Extrait des nouvelles du Purgatoire

La bibliothèque libre.
Tarleton
Extrait des nouvelles du Purgatoire
Textes établis par François-Victor Hugo
Œuvres complètes de Shakespeare
Tome XIV : Les farces
Paris, Pagnerre, 1873
p. 413-424
Le soir des rois ou ce que vous voudrez Extrait des Œuvres italiennes du Bandel


EXTRAIT DES NOUVELLES DU PURGATOIRE
DE TARLETON
[Londres, in-4o, 1590]


Le conte des Deux Amants de Pise, et pourquoi ils étaient fustigés dans le purgatoire avec des orties.

À Pise, fameuse cité d’Italie, vivait un gentilhomme de bonne lignée et ayant du bien, aussi respecté pour sa fortune qu’honoré pour sa vertu. Ce gentilhomme avait une fille unique, nommée Marguerite, qui pour sa beauté était aimée de tous et désirée de beaucoup ; mais ni les supplications d’aucun galant ni celles de la belle n’avaient pu prévaloir sur la résolution de son père, qui était déterminé à ne la marier qu’à un homme capable de maintenir dans l’abondance l’excellence de sa beauté. Divers jeunes gentilshommes avaient offert de larges domaines, mais en vain ; elle dut rester fille jusqu’au jour où un vieux docteur de la ville, qui professait la médecine, lui fît la cour et fut agréé du père par cette raison qu’il était un des hommes les plus opulents de Pise.

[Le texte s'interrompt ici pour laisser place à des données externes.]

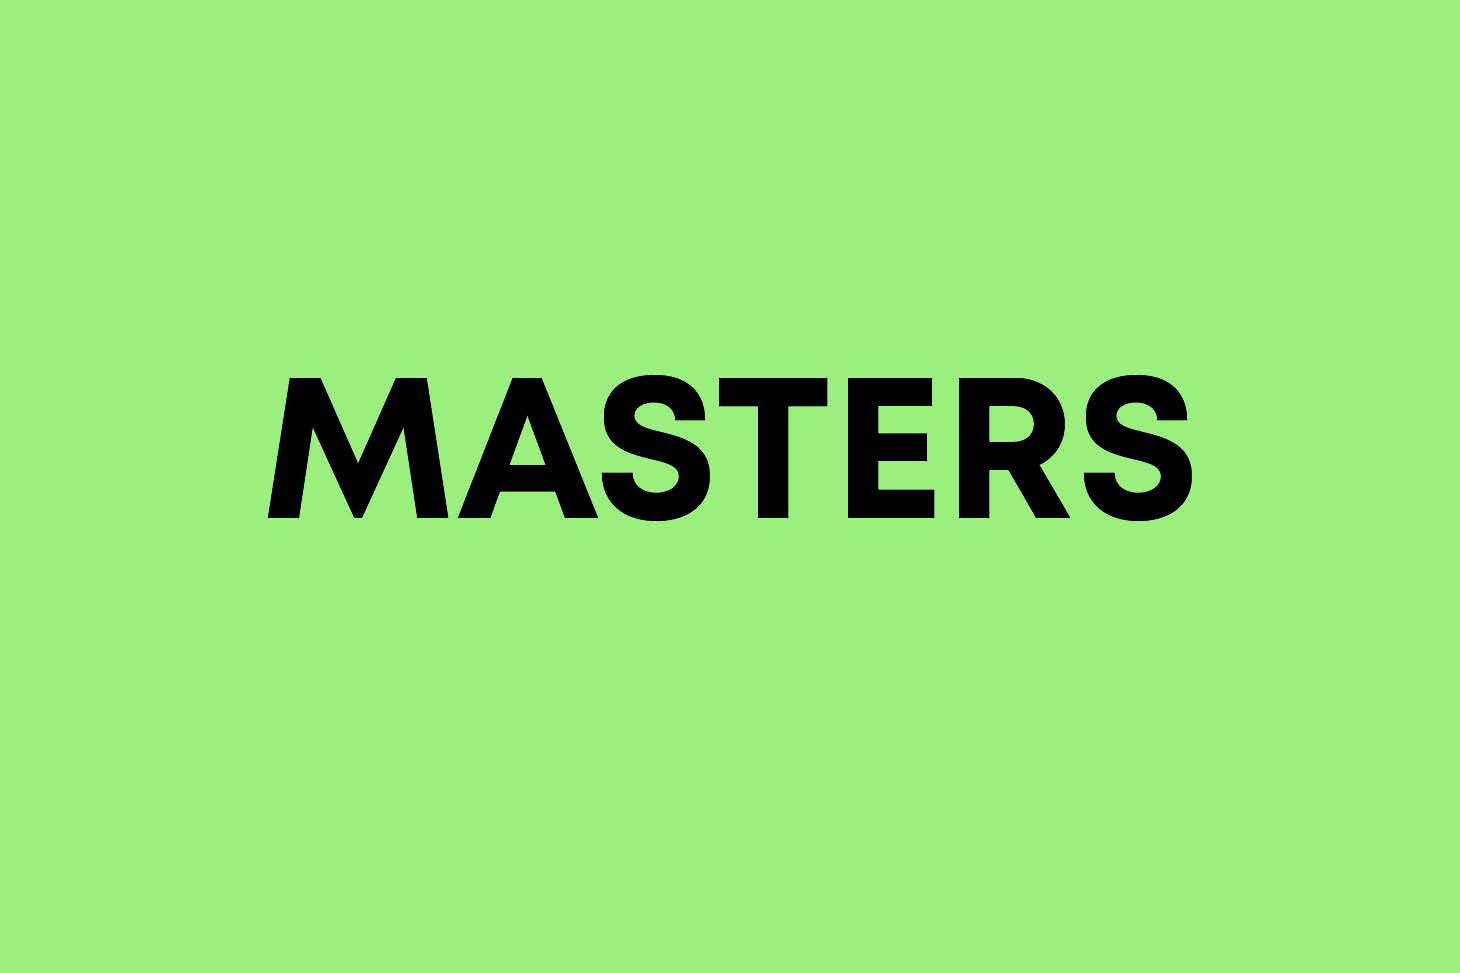 Masters ARSH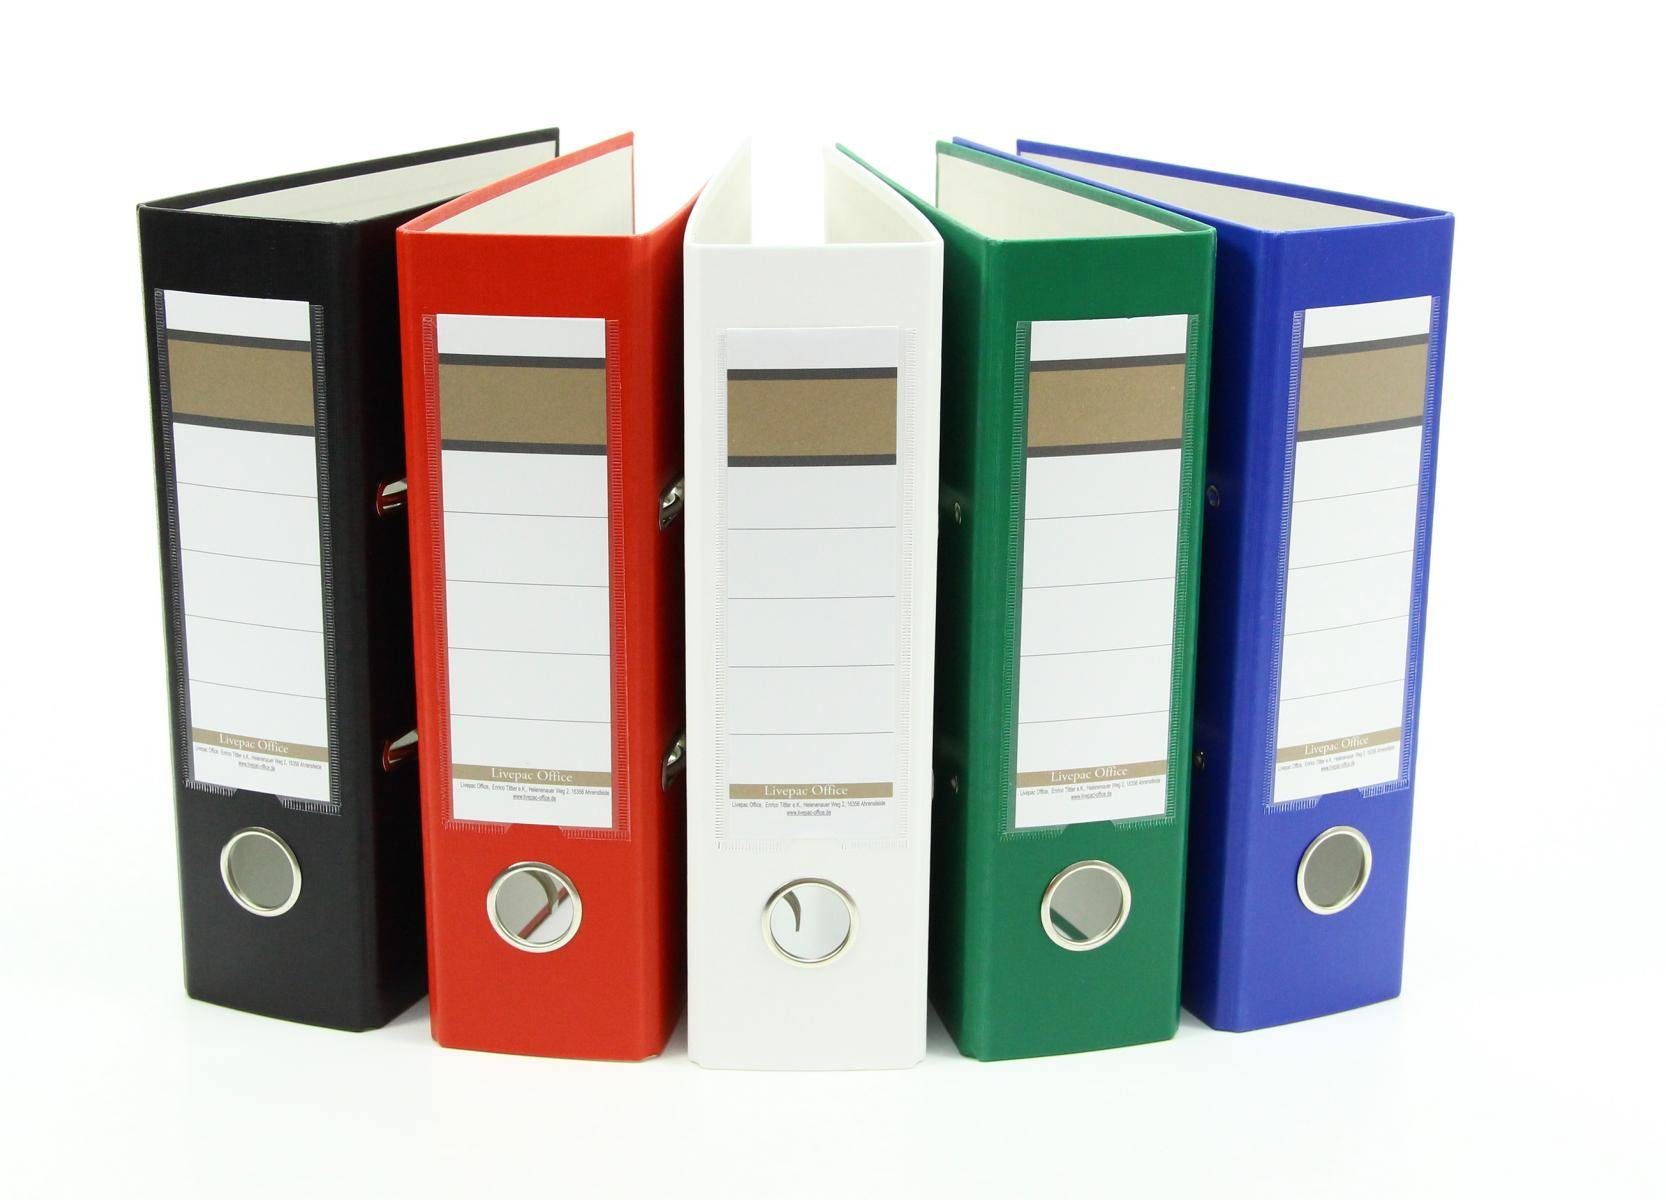 Livepac Office Aktenordner 10x Ordner / DIN A5 / 75mm / Farbe: je 2x weiß, grün, blau, rot und sc

C’était un superbe adolescent, et un damoiseau parfait, âgé d’environ quatre-vingts ans ; sa tête était blanche comme le lait, et il n’y restait plus une dent pour faire le mal ; mais peu importe ; sa bourse suppléait aux défauts de sa personne. La pauvre damoiselle se souciait peu de la richesse ; mais elle était toute jeune, et fut forcée de suivre les instructions de son père qui, moyennant un riche contrat, consentit à ce qu’elle épousât le docteur.

Le mariage fut conclu. Voilà la pauvre enfant attachée au poteau, ayant pour mari un vieillard impotent, et si jaloux que personne ne pouvait entrer dans sa maison sans suspicion, et qu’elle ne pouvait rien faire sans blâme : le moindre regard, la plus petite gracieuseté, un sourire était pour lui la preuve manifeste qu’elle en aimait d’autres plus que lui ; ainsi il vivait dans un enfer, et infligeait à sa femme les tourments d’une perplexité aussi douloureuse.

Enfin il arriva qu’un jeune homme de la cité, nommé Lionel, passant devant la maison, et voyant la jeune femme à sa fenêtre, remarquant ses rares et excellentes proportions, devint amoureux d’elle, et si éperdument que sa passion ne lui laissa pas de repos jusqu’à ce que les faveurs de la dame eussent soulagé sa morbide langueur. Le jeune homme, qui était ignorant en matière amoureuse et n’avait jamais été exercé à faire de cour, eut l’idée de révéler sa passion à quelque ami qui pût lui donner conseil, convaincu que l’expérience est le plus sûr des maîtres. Il vit un jour le vieux docteur se promener dans l’église, et, ne sachant pas que c’était le mari de Margaretta, il pensa qu’il ne pouvait avoir de meilleur confident, le docteur étant fort savant, et d’ailleurs pouvant, comme médecin, l’assister dans ses desseins à l’aide de drogues. Il aborda donc Mutio [c’était le nom du docteur], et, après lui avoir demandé le secret, lui raconta de point en point comme quoi il s’était épris d’une dame mariée à quelqu’un de sa profession, lui indiqua la résidence et la maison de la dame, et le pria, vu son inexpérience, de vouloir l’assister de ses avis. Mutio, à cette révélation, fut frappé au cœur, reconnaissant qu’il s’agissait de sa femme ; pourtant, voulant mettre à l’épreuve la vertu de sa femme et se venger des deux amants, si elle le trahissait, il dissimula, répondit qu’il connaissait parfaitement la dame, la loua hautement, mais ajouta qu’elle avait un ladre pour mari, et qu’elle n’en serait que plus traitable.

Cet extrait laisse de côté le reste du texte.